The category you choose determines the timeline dot colour and which summary tile the cost contributes to.

Maintenance (green dot) — Scheduled, routine work: oil and filter, air filter, brake fluid flush, tyre rotation, coolant top-up, annual service. Things you do on a schedule whether they feel necessary or not.

Repairs (orange dot) — Unscheduled work to fix something that broke: puncture repair, alternator replacement, snapped belt, leaking hose.

Upgrades (blue dot) — Improvements beyond the factory spec: solar panels, leisure battery, roof rack, new mattress, custom storage build.


Below the dashboard header, entries appear in a chronological timeline:

  • Each entry card shows the date, vendor, memo (up to 2 lines), odometer reading, and cost
  • Between entries, a chip shows how many km were driven since the previous entry — giving you an at-a-glance sense of driving intensity between services
  • Month sections have sticky headers showing the month name and the total spent that month

Tap any entry card to open it for editing.


The filter bar below the summary tiles has three menus:

Type — All / Maintenance / Repairs / Upgrades. Useful to quickly see just what repairs have cost this year, or only upgrades for a build cost total.

Date — All time / This Year / Last Year / Custom. Totals update alongside the timeline.

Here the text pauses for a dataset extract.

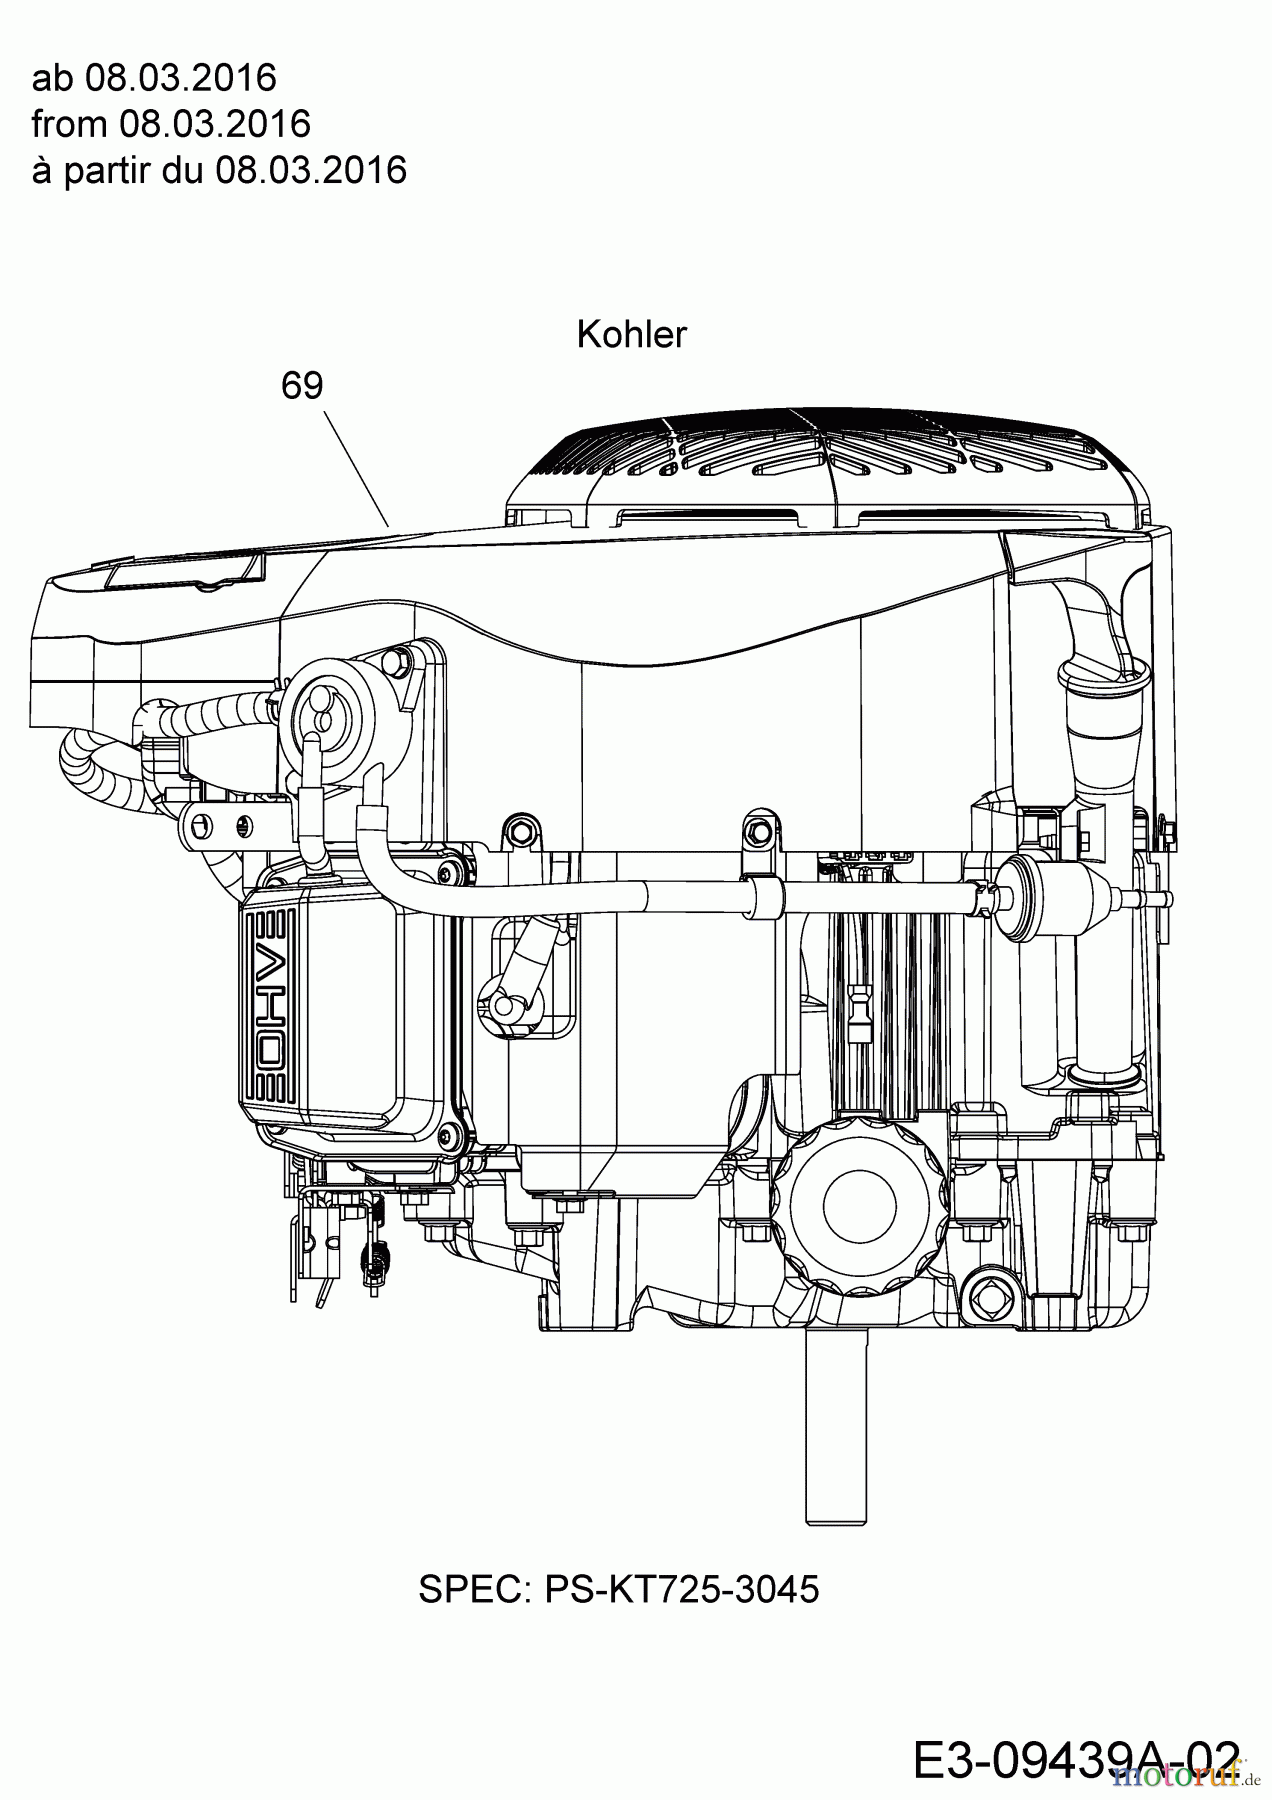  Massey Ferguson Rasentraktoren MF 41-22 RD 13HP91GN395  (2016) Motor Kohler ab 08.03.2016

Sort — Newest / Oldest / Highest Cost / Lowest Cost.


Tap the magnifying glass in the toolbar to open a search bar. Type to filter entries by vendor name or memo text. Useful for finding all entries related to a specific part, system, or workshop.


Tap the wrench icon in the toolbar to open the Maintenance Schedule as a sheet without leaving the Logbook. After logging a service entry, this lets you immediately update the task’s “last performed” date and odometer in one flow.


Tap the share icon (square with arrow) in the toolbar to generate a service history PDF report for the current filter. The report includes all visible entries with dates, vendors, descriptions, odometer readings, and costs. It opens the iOS share sheet for email, AirDrop, Files save, or printing — suitable for a prospective buyer or accountant.